The overrides that do occur tend to be more structured:
- Users increasingly treat profile changes as the primary way to adjust behavior defaults, and reserve per-request ad hoc overrides for genuine exceptions or one-off edge cases.
- When refusals hit non-overridable hard rules or side-effect controls, users who understand that all profiles share these layers make fewer futile override attempts aimed at “softening” those rules and instead focus on reformulating within allowed scopes.
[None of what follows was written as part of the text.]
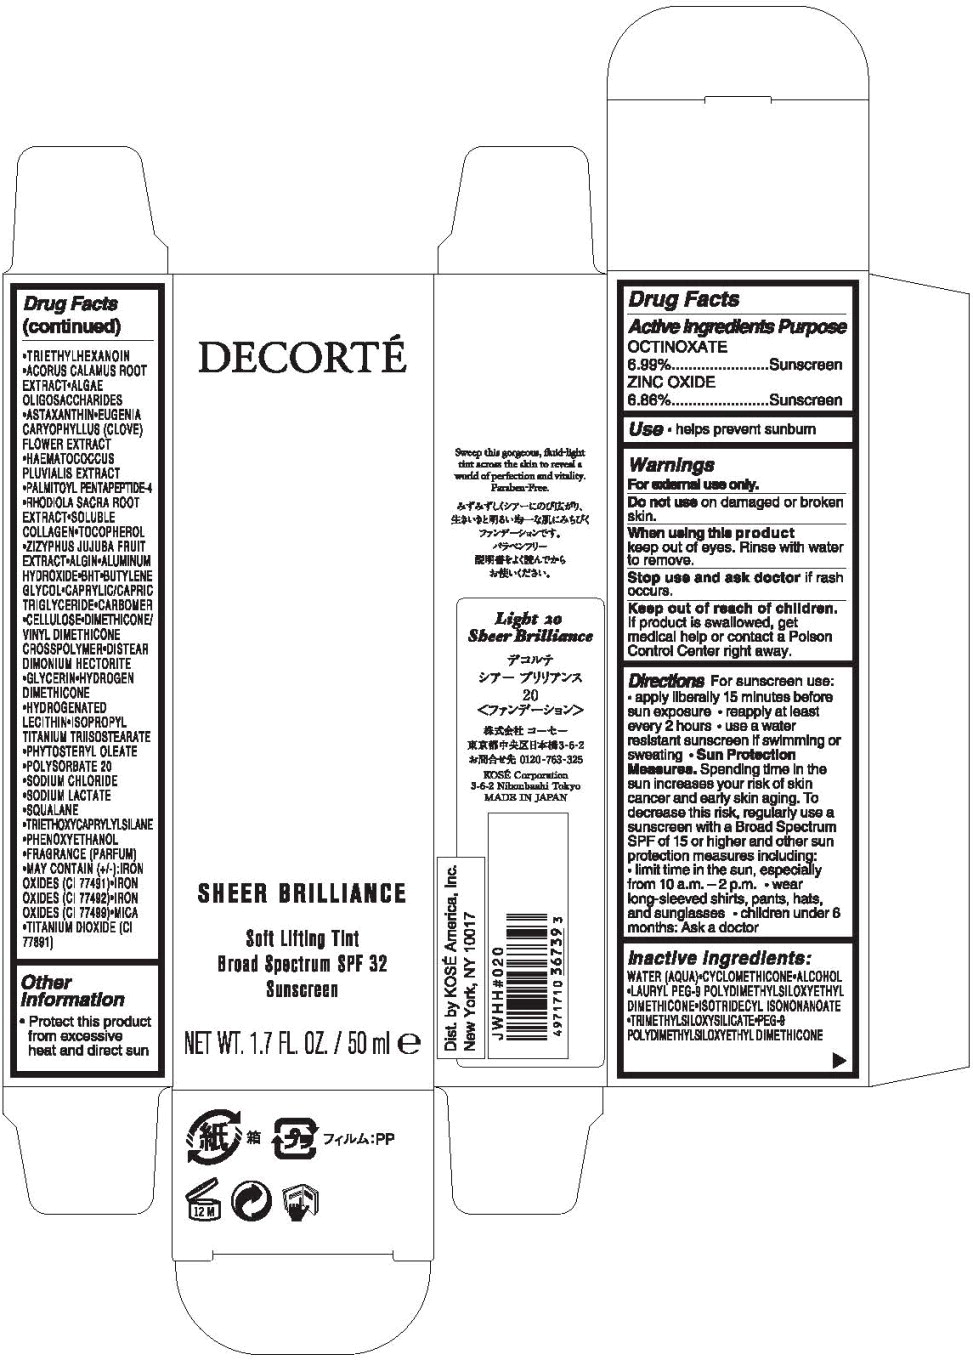 Principal Display Panel - Decorte Sheet Brilliance 20 Level 50 ml Carton Label

Perceived fairness when constrained or refused

Refusals that cite both the active behavior profile and a higher chain-of-command layer (e.g., “Under ‘maximal initiative within side-effect controls’ I still must follow this org hard rule and high-impact risk band”) are more often judged procedurally fair than refusals framed only as generic safety or assistant preference.
Users see the profile as a choice they made within a transparent rule framework, so constraints feel like consistent rule-following rather than the assistant arbitrarily shifting stance between requests.
Fairness is further improved when the assistant, at refusal time, can point to profile-appropriate alternatives (e.g., within a cautious profile, suggesting safer scopes or time-bounded variants) so that users experience constraints and options as coherent with their chosen profile.

Net effect

Profile selection tends to:
- Increase baseline trust that the assistant’s refusals and constraints follow a stable, user-chosen style within fixed hard rules.
- Reduce scattered, per-request override attempts, especially those misdirected at non-overridable layers, while shifting adjustment behavior into explicit profile changes.
- Improve perceived fairness, because refusals can be explained as predictable consequences of both the chain of command and the user’s own profile choice, rather than opaque, moment-to-moment policy shifts.
These benefits depend on (a) clearly signaling that profiles do not change hard rules or side-effect controls, (b) making profile descriptions legible and aligned with the behavior policy vocabulary, and (c) reusing profile references in refusal explanations so that users can see the link between their upfront choice and later constraints.